In recent years, computer vision has undergone a paradigm shift from static, model-centric analysis to dynamic, interactive systems. These systems empower users to guide and refine model behavior with visual and textual prompts, transforming them from passive observers into active collaborators. This evolution significantly enhances model effectiveness, resolves ambiguity, and broadens the accessibility of AI-driven applications. This thesis presents a cohesive journey through the landscape of interactive prompting, charting a course from simple pixel-level guidance to complex semantic reasoning.
The journey begins with interactive visual prompting, where minimal user input is leveraged to solve complex segmentation tasks. The first chapter introduces SimpSON, a novel framework that dramatically simplifies photo cleanup by segmenting multiple distracting objects with just a single click. The subsequent chapter advances this theme with MaGGIe, which tackles the inherent ambiguity of instance matting in multi-person scenes. By using coarse mask prompts, MaGGIe achieves precise alpha mattes, demonstrating how minimal but targeted guidance can ensure robust and accurate outcomes. These works underscore how simple visual interactions can profoundly enhance segmentation accuracy while minimizing user effort.
The thesis then transitions to interactive textual prompting, exploring how natural language unlocks greater expressivity in vision systems. The third part introduces CoLLM, a retrieval framework that aligns nuanced textual descriptions with precise visual content without relying on explicitly annotated triplet datasets. Building upon this, the fourth part expands into the omni-modal domain with OmniRet, a unified model that seamlessly integrates image, video, audio, and text. OmniRet learns a joint embedding space to interpret complex, cross-modal user queries, establishing a new foundation model for flexible and efficient information retrieval systems.
The final part of this thesis confronts the core challenge of unstructured prompts by introducing structured semantic representations. This section establishes the scene graph as a critical intermediate representation for bridging the gap between language and vision. We demonstrate its power across three domains: enhancing the relational alignment in image-text matching, guiding the compositional generation of content in text-to-image synthesis, and enabling verifiable, grounded action sequences in robotic task planning. These applications reveal how structured semantics are key to unlocking more robust, accurate, and interpretable AI.
Collectively, this thesis charts a clear path from simple interactions to sophisticated reasoning, providing a comprehensive exploration of prompting paradigms that are making computer vision systems more responsive, precise, and intuitive. These advancements not only redefine user-model collaboration but also mark significant progress toward more powerful and accessible artificial intelligence.
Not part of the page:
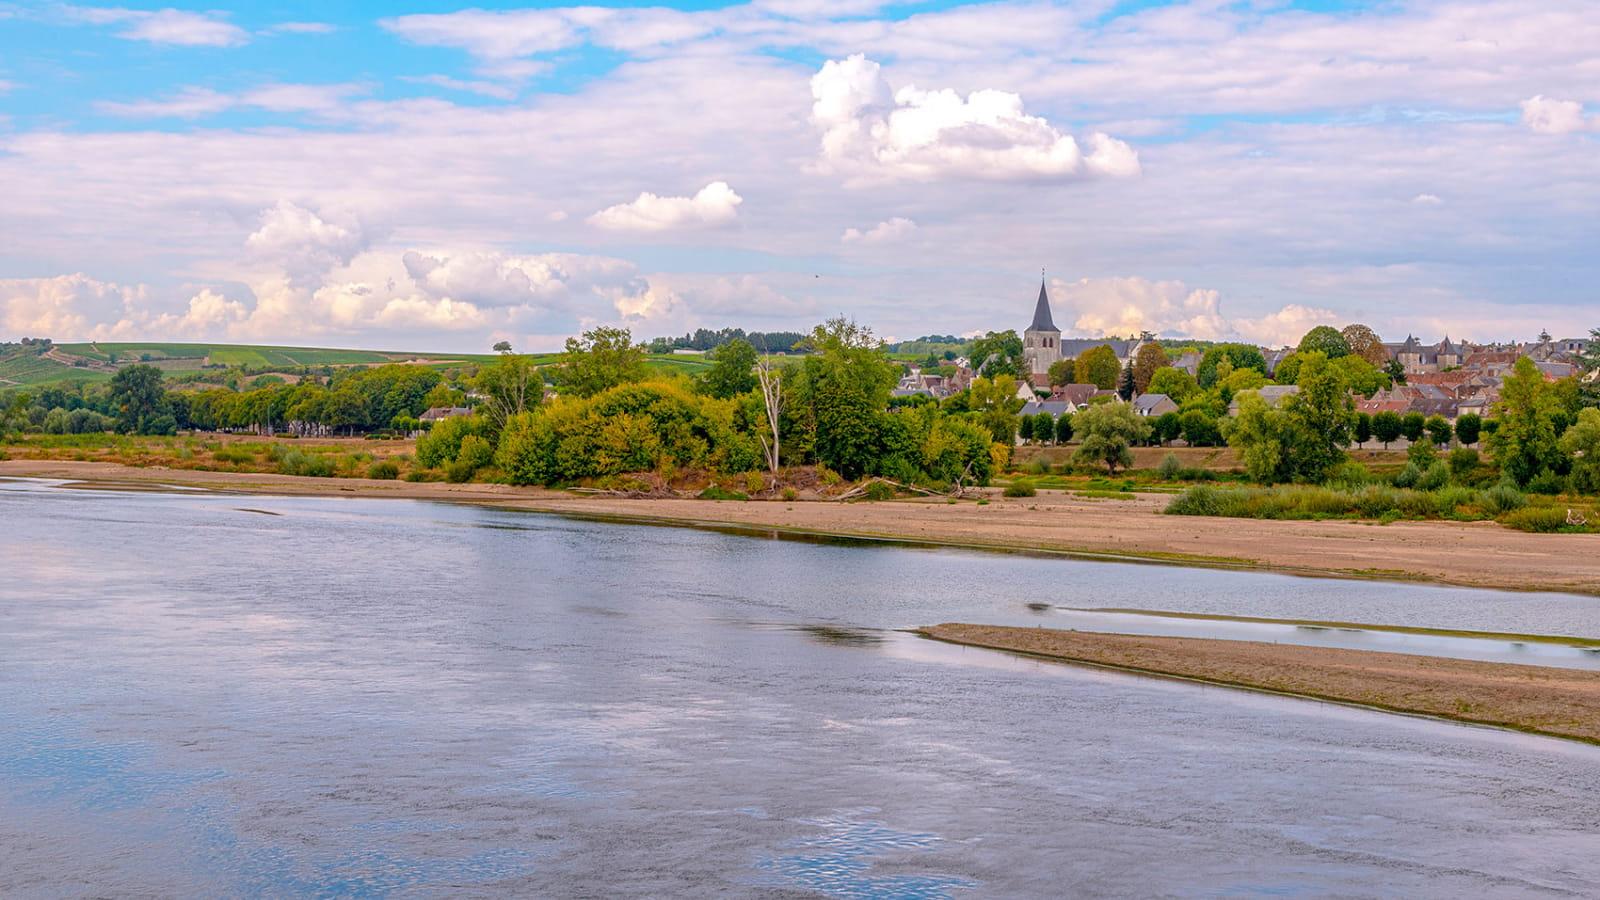 Vue sur le village de Pouilly-sur-Loire depuis les bords de Loire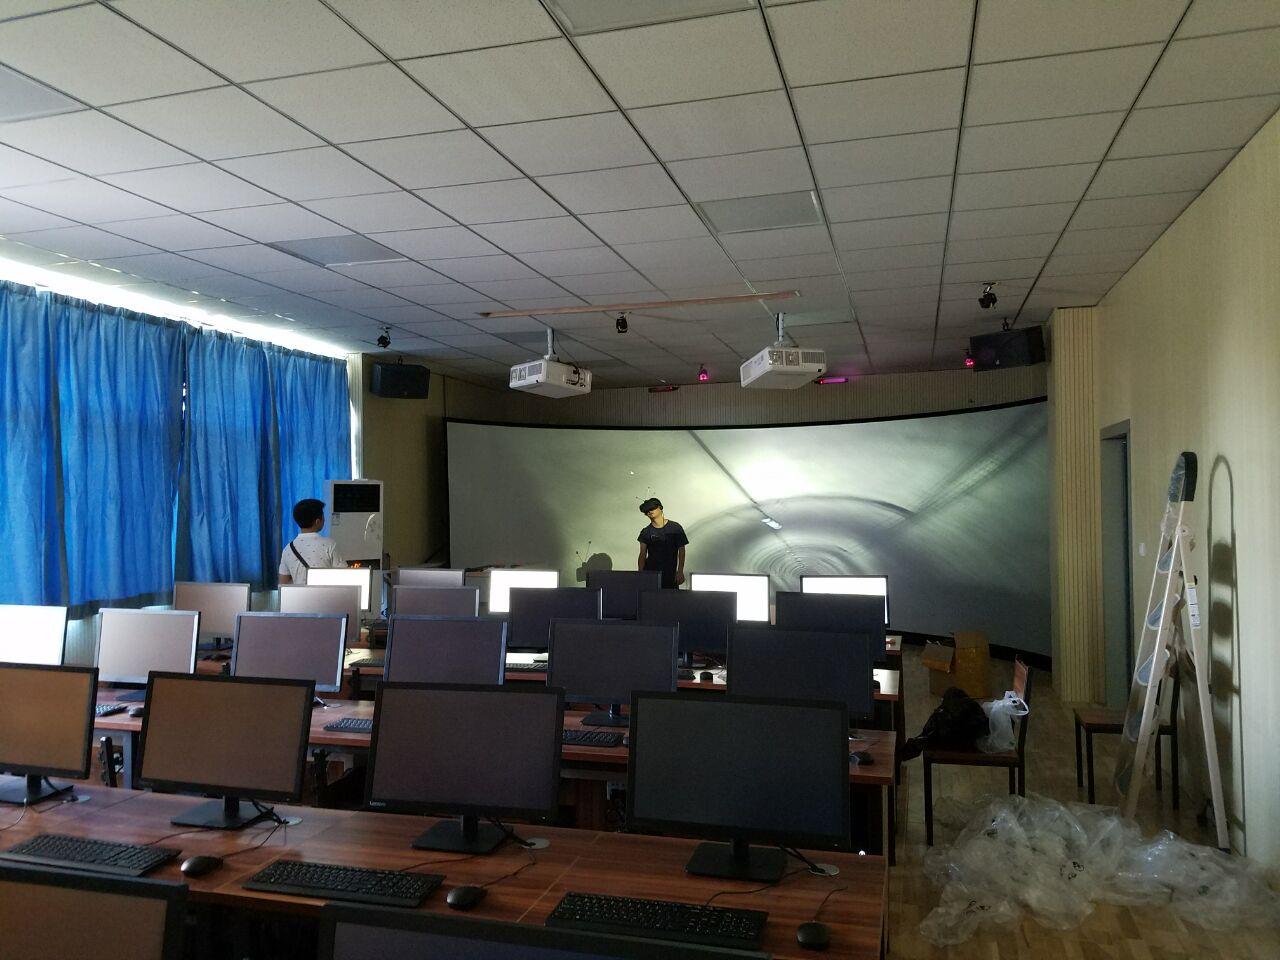 西安工程大学VR虚拟现实实训室(北京欧倍尔建设)

Chuong Huynh is a fifth-year Ph.D. candidate in Computer Science at the University of Maryland, College Park, where he is advised by Professor Abhinav Shrivastava. His research focuses on interactive computer vision, exploring how user input, whether visual or textual, can drive deeper and more adaptive image understanding. Passionate about building intelligent systems that collaborate with people, Chuong has applied his work in real-world settings through research internships at Adobe, Amazon and Samsung Research America, where he contributed to advancing user-centric AI technologies.